Functional modules of DEMETER 5-methylcytosine DNA glycosylase necessary for seed development in Arabidopsis

Abstract

DNA methylation is a key epigenetic mark that regulates gene expression. In Arabidopsis, DEMETER (DME) DNA glycosylase specifically removes 5-methylcytosine (5mC) from DNA and induces gene imprinting in endosperm. In heterozygous dme mutants, 50% of seeds are aborted due to a maternal parent-of-origin effect. There are three other DME-like genes such as ROS1, DML2, and DML3 in the Arabidopsis genome, and all DME family proteins share the similar domain structures.
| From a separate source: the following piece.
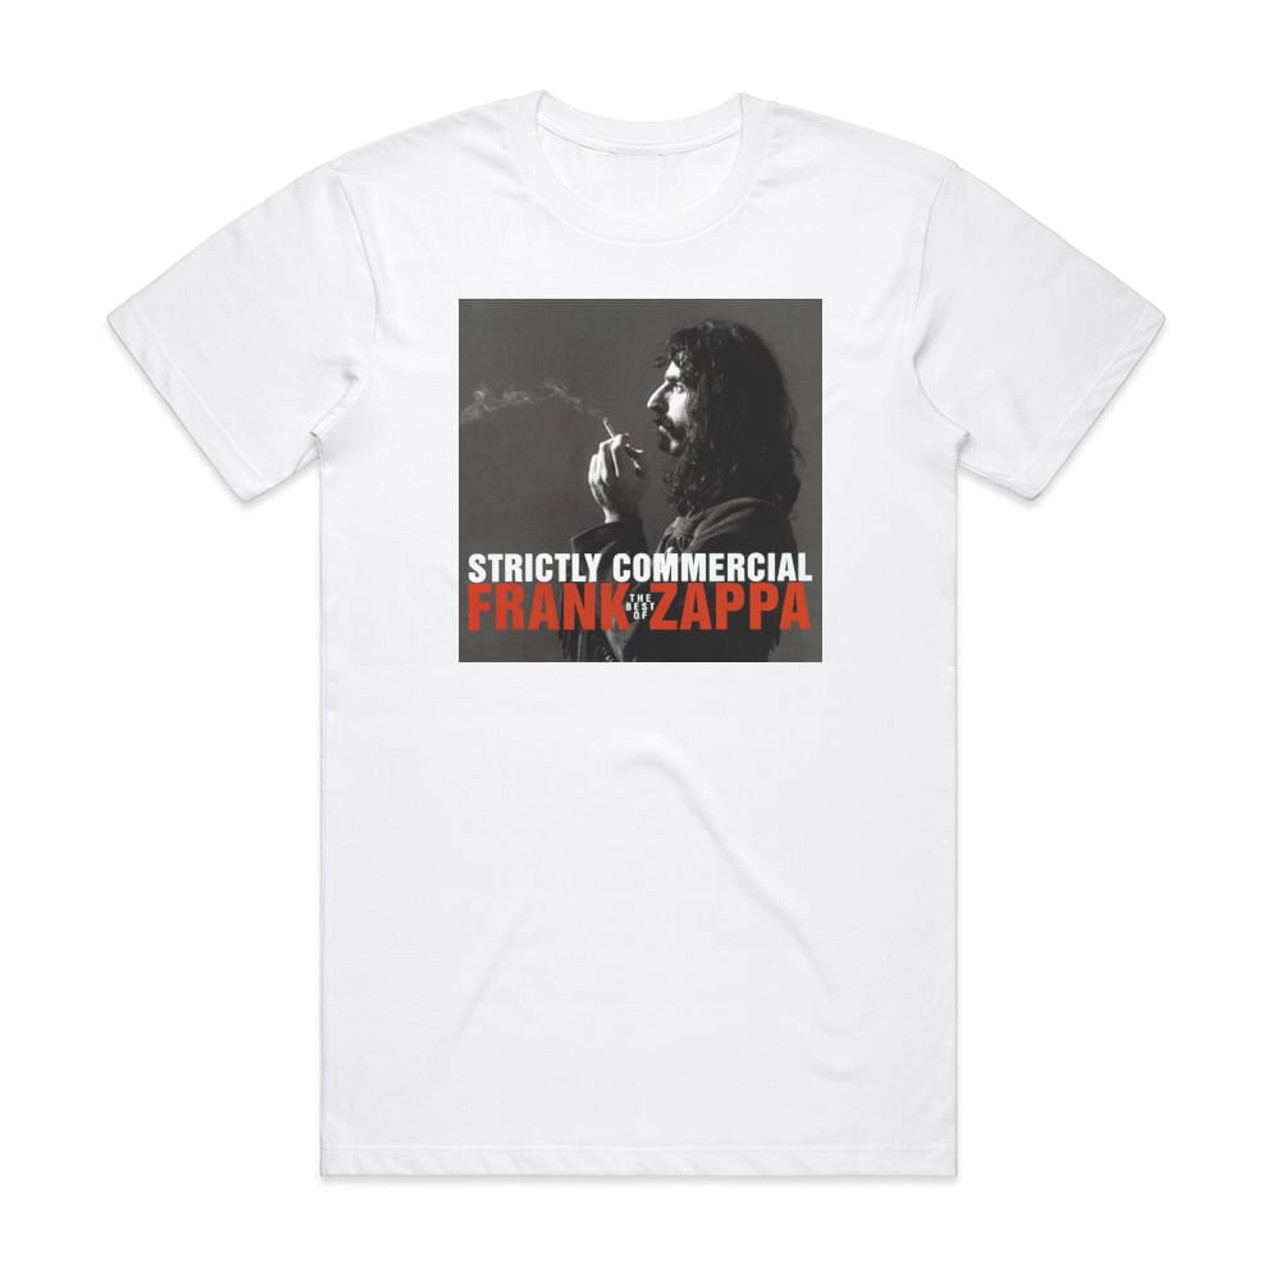 Frank Zappa Strictly The Best Of Frank 1 Album Cover T- Shirt White

Besides the central DNA glycosylase domain, two additional domains (domains A and B) exist and all these are required to excise 5mC. These three domains are interspersed with the interdomain regions (IDRs) which are highly variable in sequence and length among the family members. To identify the minimal fragment necessary for 5mC excision, the DMEΔ(149-677)ΔIDR1::lnk, where the domains are cut and pasted, were engineered. The modified DME fragment still retains biochemical activity. This indicates that the three domains are enough for DME function in vitro. In the first chapter, DMEΔ(149-677) and DMEΔ(149-677)ΔIDR1::lnk which have DNA glycosylase activity were expressed in the central cell using DME promoter. The modified DME can rescue seed abortion in dme mutants. This demonstrates that the three conserved domains are functional modules which are necessary and sufficient for both in vivo and in vitro functions of DME. In addition, DMEΔ(149-677) could maintain the DME function stably in the next generation. Homozygous dme mutants with lethal phenotype were recovered and abnormal seed and flower phenotype were observed in T2 DMEΔ(149-677)ΔIDR1::lnk population. The results implies that DMEΔ(149-677)ΔIDR1::lnk might be able to have hyperactivity function of DME and that DNA methylation and floral morphology are related in Arabidopsis. In the second chapter, a novel DNA methylome analysis tool using DME was proposed. After DME DNA glycosylase reaction in which DME recognizes and removes mC in Arabidopsis genome, radioactively labeled cytosines were refilled in the vacant position by BER pathway. Here, dot-blot analysis was conducted and DNA methylation pattern was visualized for the specific regions of genome. The result suggests that DME treatment differentiates between hyper- and hypo-methylated genome fragments. If the method would be applied to fluorescent labeling system and tiling array, DME-chip could become the easy and fast DNA methlyome analysis tool through the single tube DME reaction.